# Posting Pictures



## Badfish (Oct 25, 2009)

Can someone please tell me how to post pictures and videos on messages. I tried to post one on both it and my profile. It let me browse my computer on my profile but wouldn't let me post the picture I selected.


----------



## flyin-lowe (Oct 3, 2009)

There is a video tutorial if you follow the directions at the top of the page. Ive only done it once and it is different then most forums.


----------



## Badfish (Oct 25, 2009)

Man I never even saw that


----------



## Oldman (May 25, 2009)

It is a breeze to post a picture. Just sign up for one of the picture hosting locations like photobucket. Upload your picture there. Paste in the link they have that has "img" in brackets, from the available options of links to use, right here, as if it was text. The result is a picture that looks like it is right here in your post but is really just a link like this one to a picture I took on an isolated beach in Oregon two summers back.


----------



## Badfish (Oct 25, 2009)

Thanks for the heip.
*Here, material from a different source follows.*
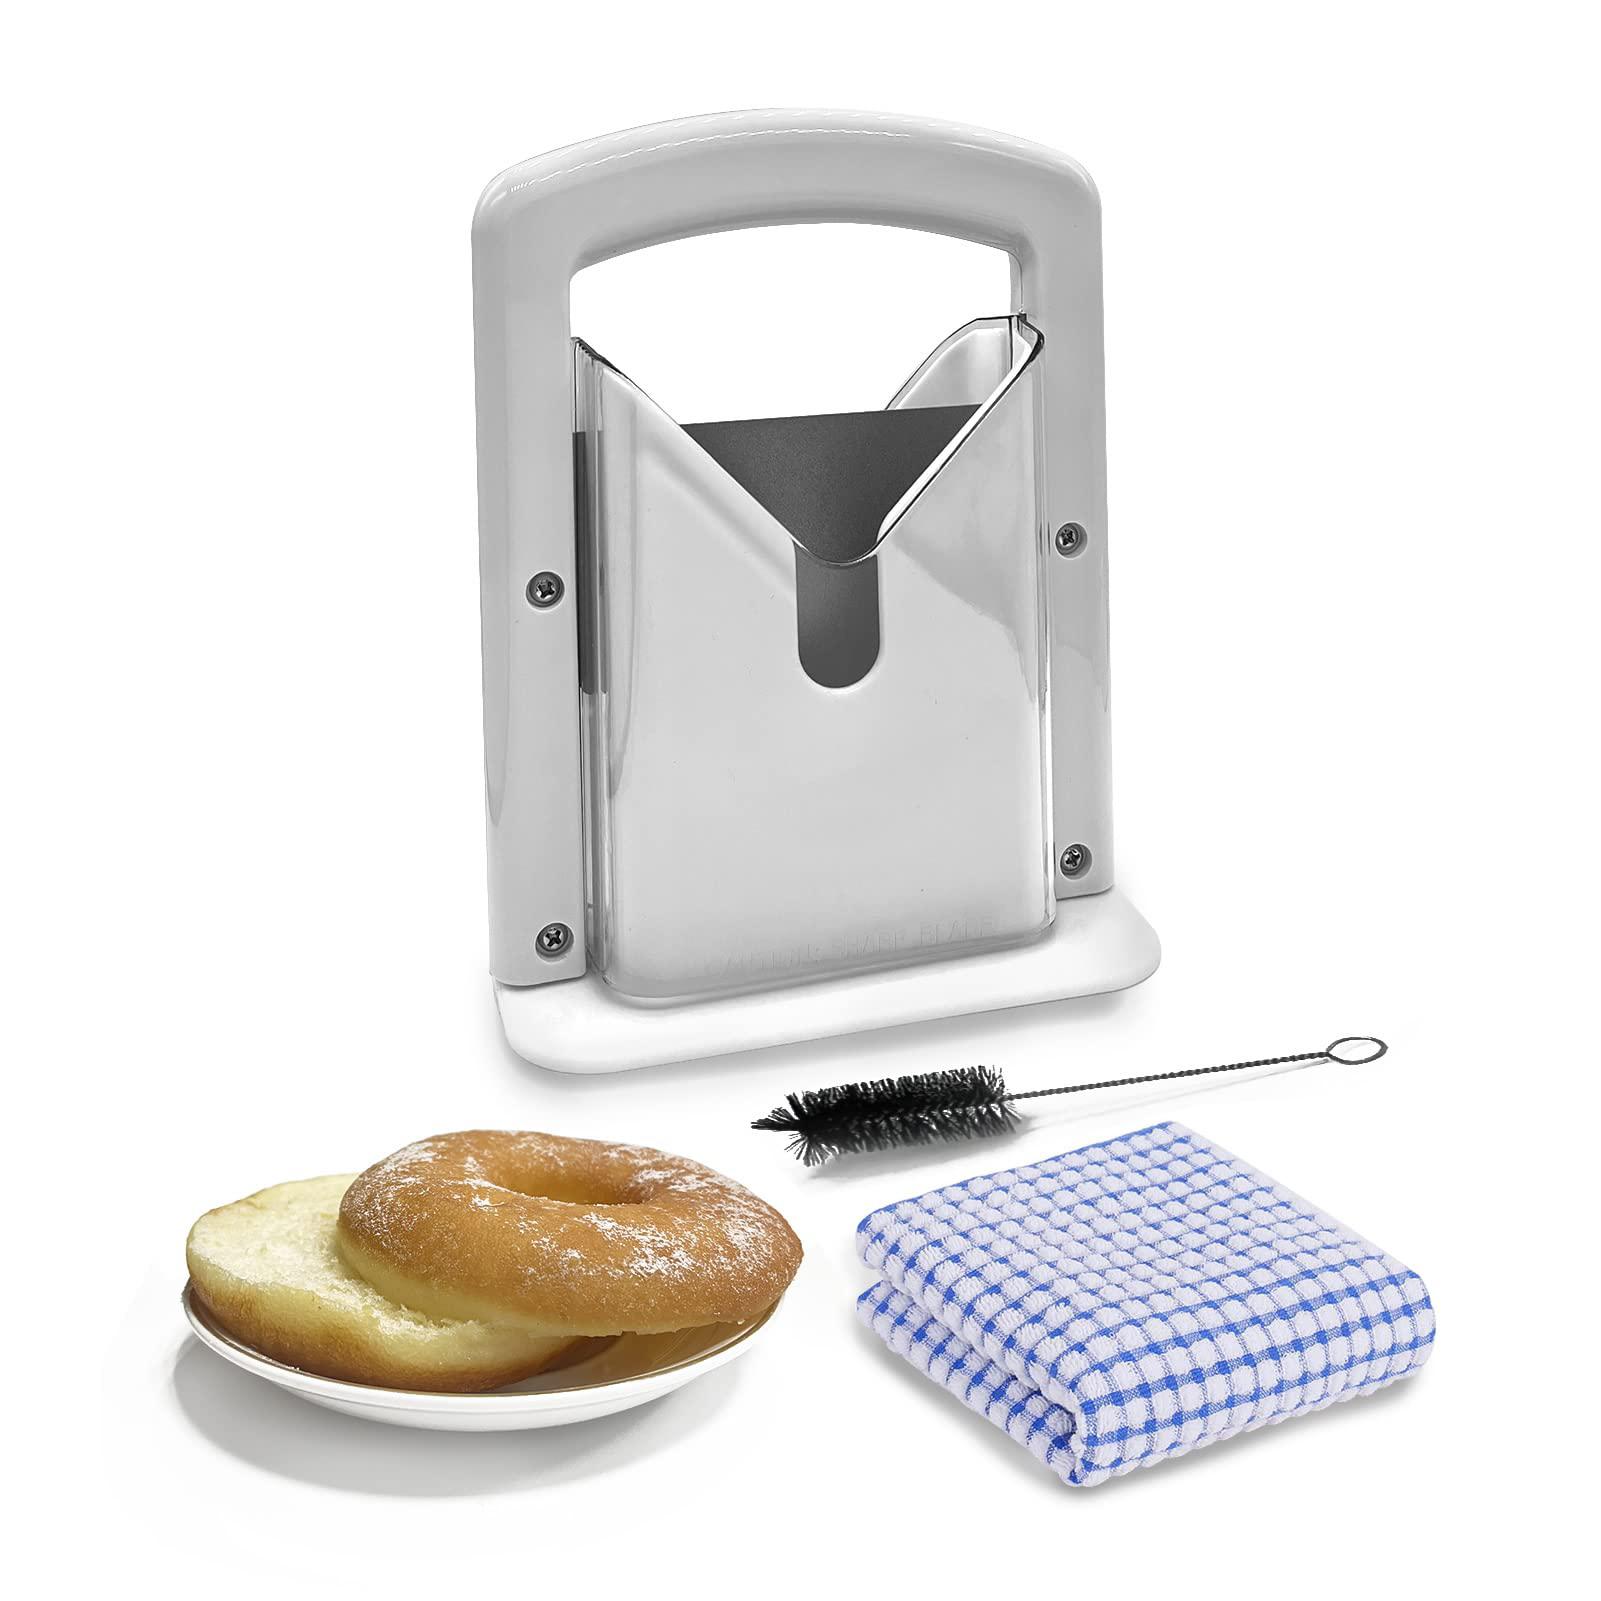 nezih bagel slicer, bagel cuttter,home kitchen bread slicing gadget, stainless steel, white

What about videos?


----------



## phil_pl (Apr 10, 2009)

videos can be uploaded by using a hosting site like YouTube - Broadcast Yourself. then posting the embedding code on here

this code can be found right under the persons name who submitted the video on the right side of the screen when viewing the video

for example
<object width="445" height="364"><param name="movie" value="http://www.youtube.com/v/sOwut9cSwMU&hl=en&fs=1&rel=0&color1=0x006699&color2=0x54abd6&border=1"></param><param name="allowFullScreen" value="true"></param><param name="allowscriptaccess" value="always"></param><embed src="http://www.youtube.com/v/sOwut9cSwMU&hl=en&fs=1&rel=0&color1=0x006699&color2=0x54abd6&border=1" type="application/x-shockwave-flash" allowscriptaccess="always" allowfullscreen="true" width="445" height="364"></embed></object>


----------



## Badfish (Oct 25, 2009)

Thanks to all you people are great!


----------